Agency can have disadvantages, however. If the Commercial Agents (Council Directive) Regulations 1993 apply, the agent may be entitled to compensation on termination of the agency, even if it breached the agency contract. Tax may also be important, as a company may often be regarded as trading in a territory if it has an agent there. Neither of these issues would arise on a distributorship.
Joint Venture/Partnership
A company (whether based in the UK or overseas) wishing to start a new UK business may want to do so in collaboration with other parties - for example, where it has the necessary funding and resources but lacks the relevant management experience or has no contacts in the local market.
The joint venture will normally be structured either as a new UK company (in which the parties take shares) or a partnership (with each joint venturer working in partnership with the others). The use of a UK company will normally help to limit the liability of each joint venturer for the debts and obligations of the joint venture but there may be an element of double taxation - first, on the profits of the joint venture vehicle and, second, on the dividends paid to the joint venture shareholders.
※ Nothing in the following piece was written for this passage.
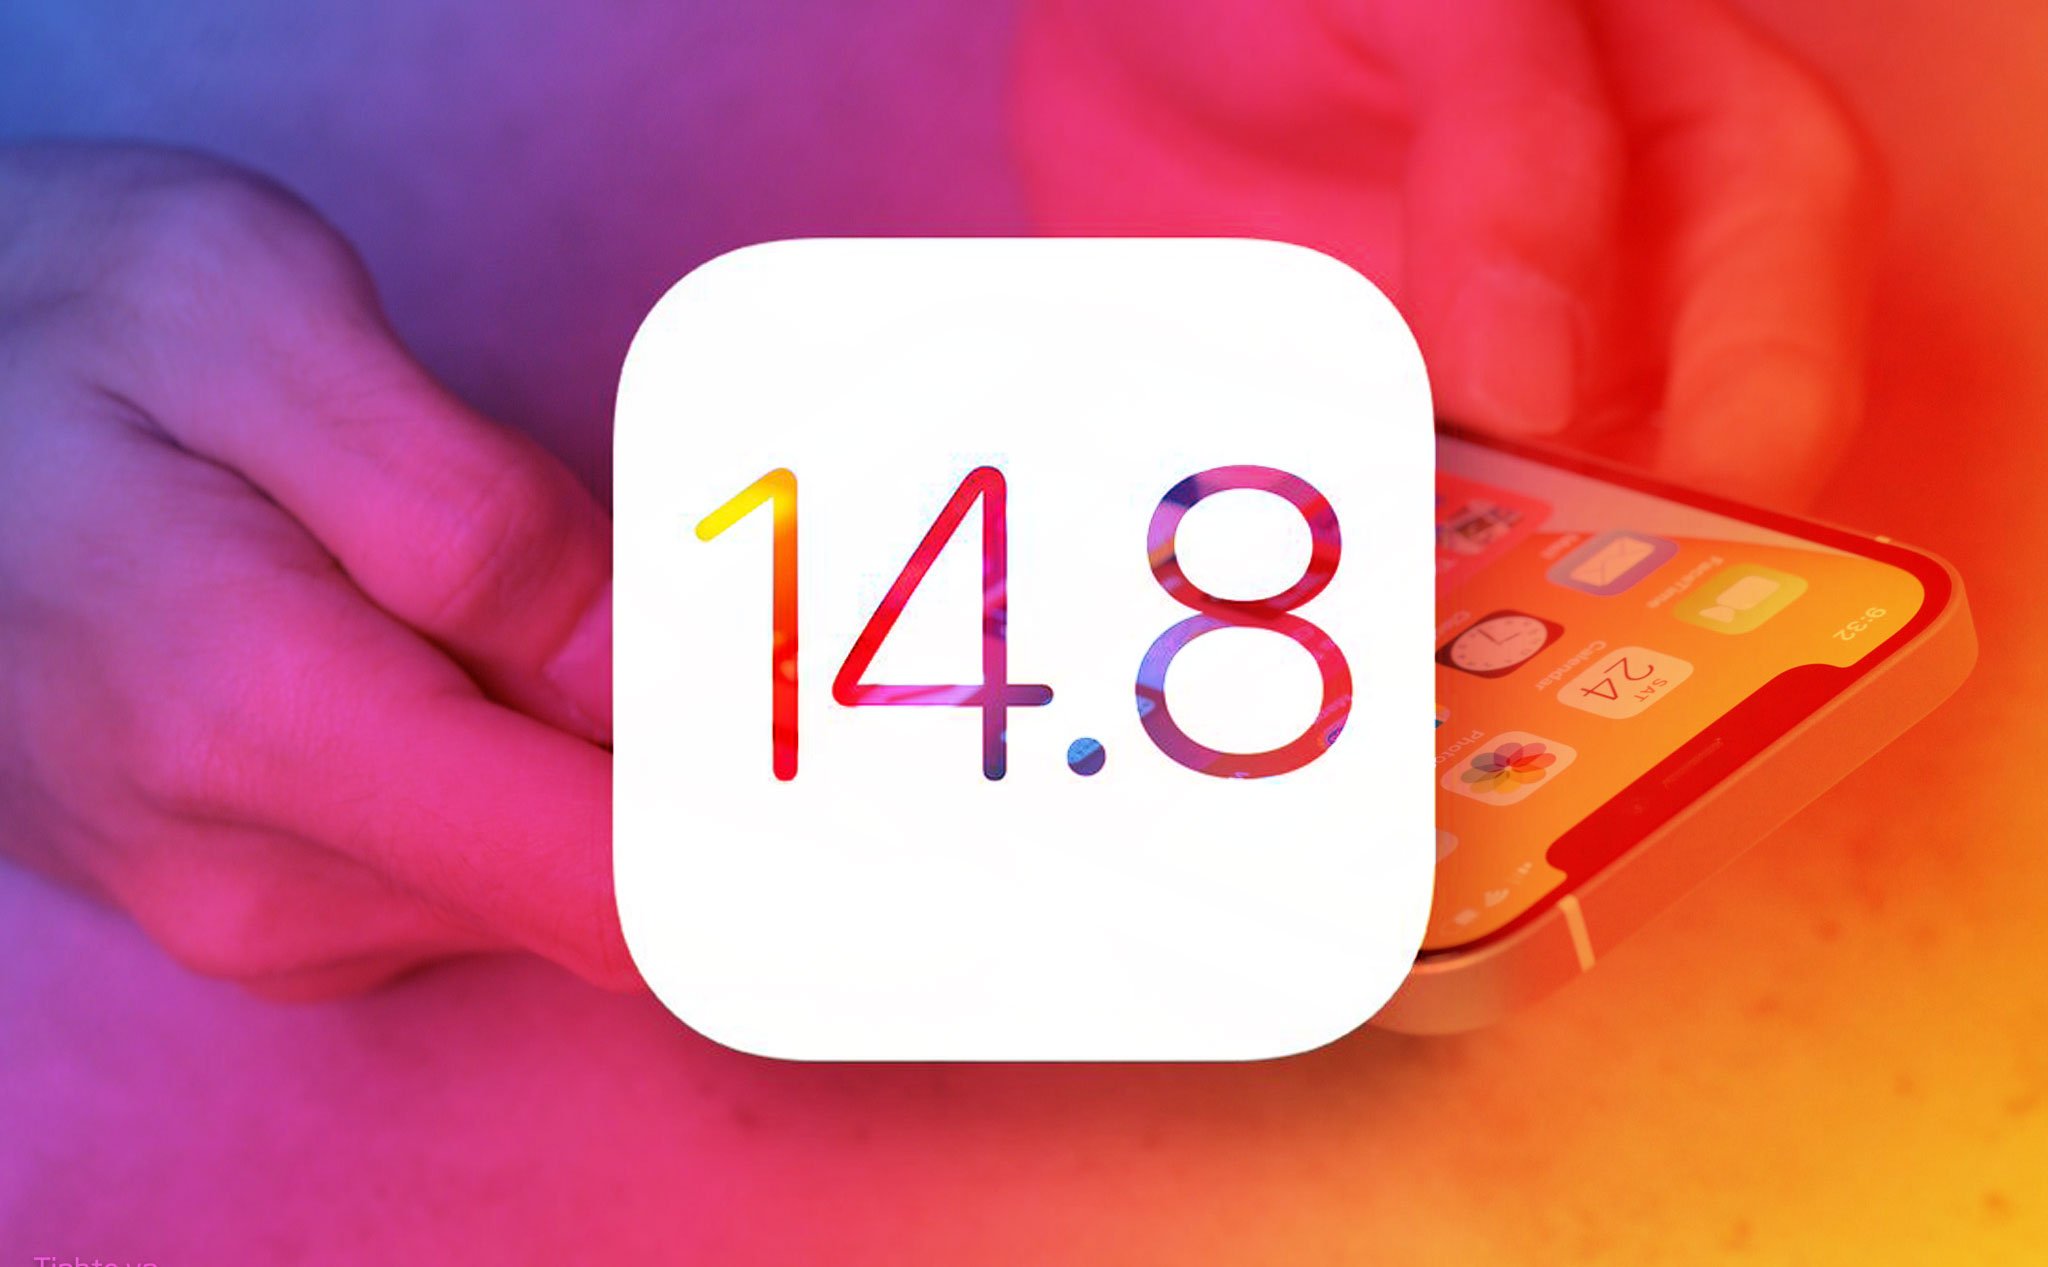 Bạn nên cập nhật lên iOS 14.8 ngay lập tức để không dính lỗ hổng bảo mật nghiêm trọng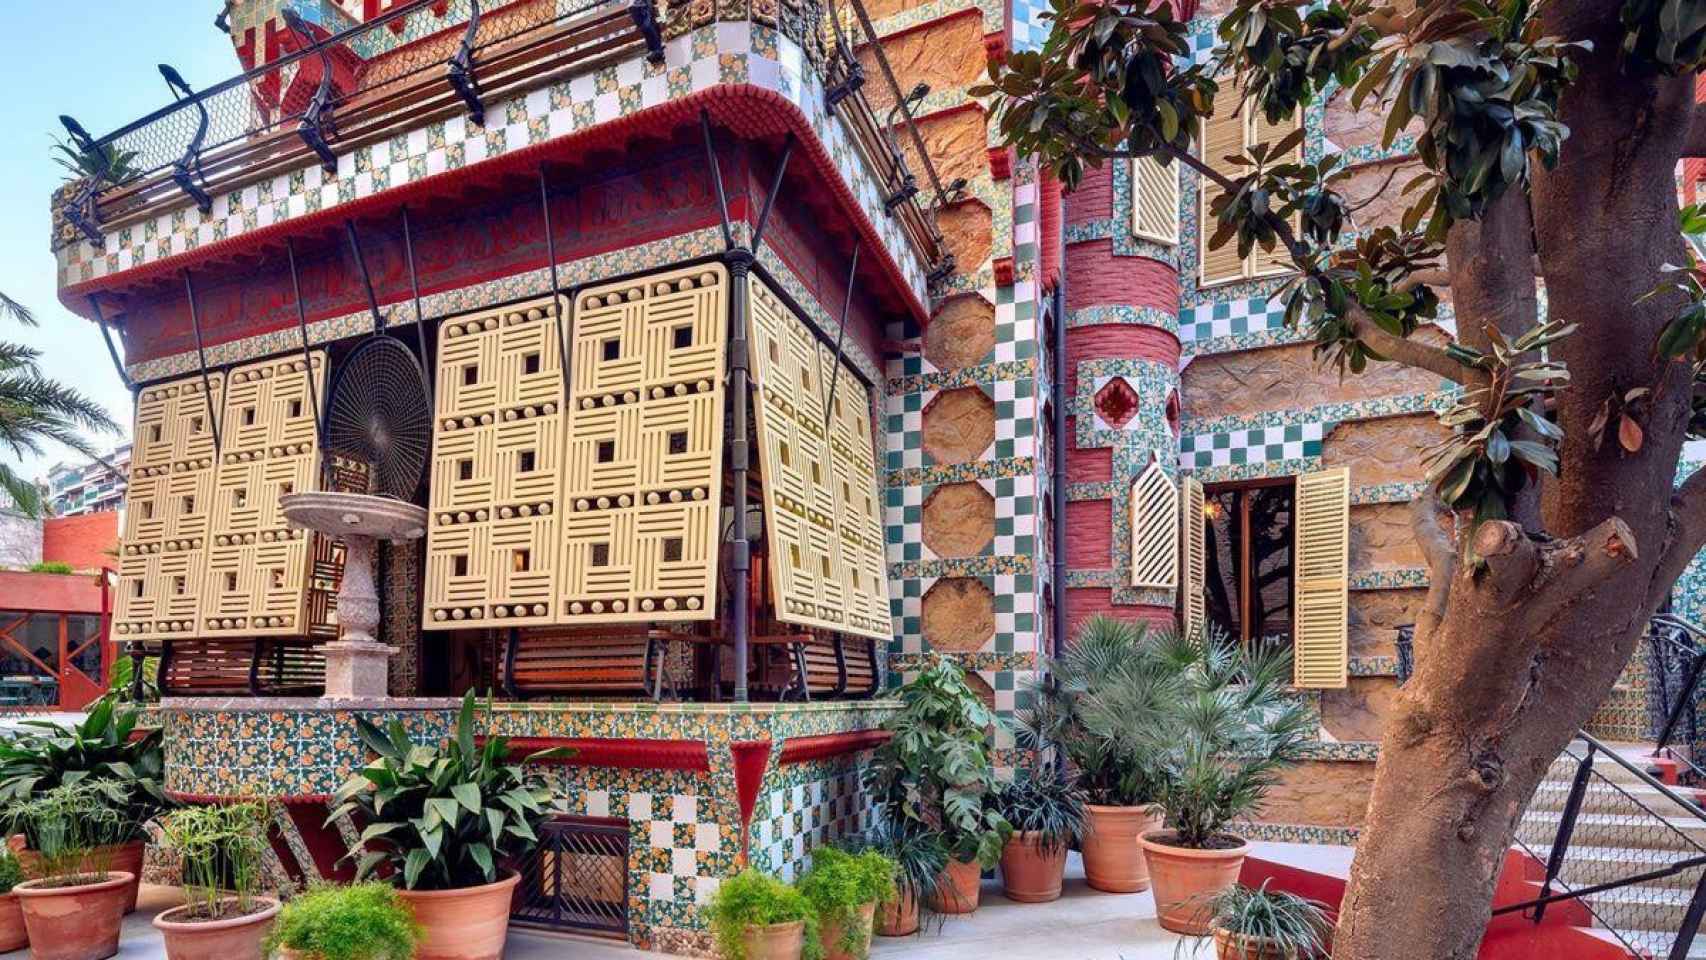 Imagen exterior de la Casa Vicens de Gaudí de Barcelona / CASA VICENS GAUDÍ

The partnership structure may have tax advantages, and less onerous duties to publish details of the partners and the finances of the partnership, but there may be an added exposure to the liabilities of the joint venture unless limited partnership or limited liability partnership structures can be used.
Mergers and acquisitions
Another alternative would be to acquire an existing company or business. In most cases this will be quicker, as the operation will already be up and running. There will be a much greater up-front cost, as the price for the business will reflect the seller's goodwill, but acquisition could still save costs in the long run, as it might be more expensive for a new business to develop the infrastructure and customer networks from a standing start.
RadcliffesLeBrasseur has considerable experience of mergers and acquisitions. For example, we recently handled the £200m+ acquisition of a property company in London, one of the largest UK transactions of the year.
Branch office
An overseas company seeking a presence in the UK or a UK company wishing to enter a new regional market may decide to set up a branch office. If so, it can structure and manage the branch as it thinks fit, subject (in the case of the overseas company) to legal requirements on the employment of foreign nationals and the filing and reporting requirements imposed by the Companies Act 1985.
Alternatively, an overseas company could set up a non-UK subsidiary which would then establish a UK branch. This would reduce the risk of the Inland Revenue seeking to tax the profits of both the branch and the overseas company itself.
Subsidiary
A further alternative is to set up a new company in the UK. A UK company is a separate legal entity, with its own rights and liabilities, and the shareholders are not generally liable for the company's debts. By contrast, for most purposes, a branch and its parent are the same legal entity, and the liabilities of the branch are those of the parent. Using a subsidiary could therefore help to limit the parent's UK exposure.
As regards tax, when an overseas company sets up a UK subsidiary, the objective is to ensure that the profits of the parent are shielded from UK taxation. Companies are UK tax resident if they are incorporated here or if their central management and control is exercised in the UK, so care must be taken to ensure that the overseas company does not become UK resident. Transfer pricing transactions between an overseas parent and a UK subsidiary may also be scrutinised by the Inland Revenue.
The creation of business in the UK will invariably require the recruitment or transfer of employees to run the business once it is established. Our employment group is able to provide comprehensive and practical advice to ensure that the business complies with the ever increasing UK and European employment legislation. We also provide immigration services where foreign businesses wish to transfer existing employees into its new UK territory.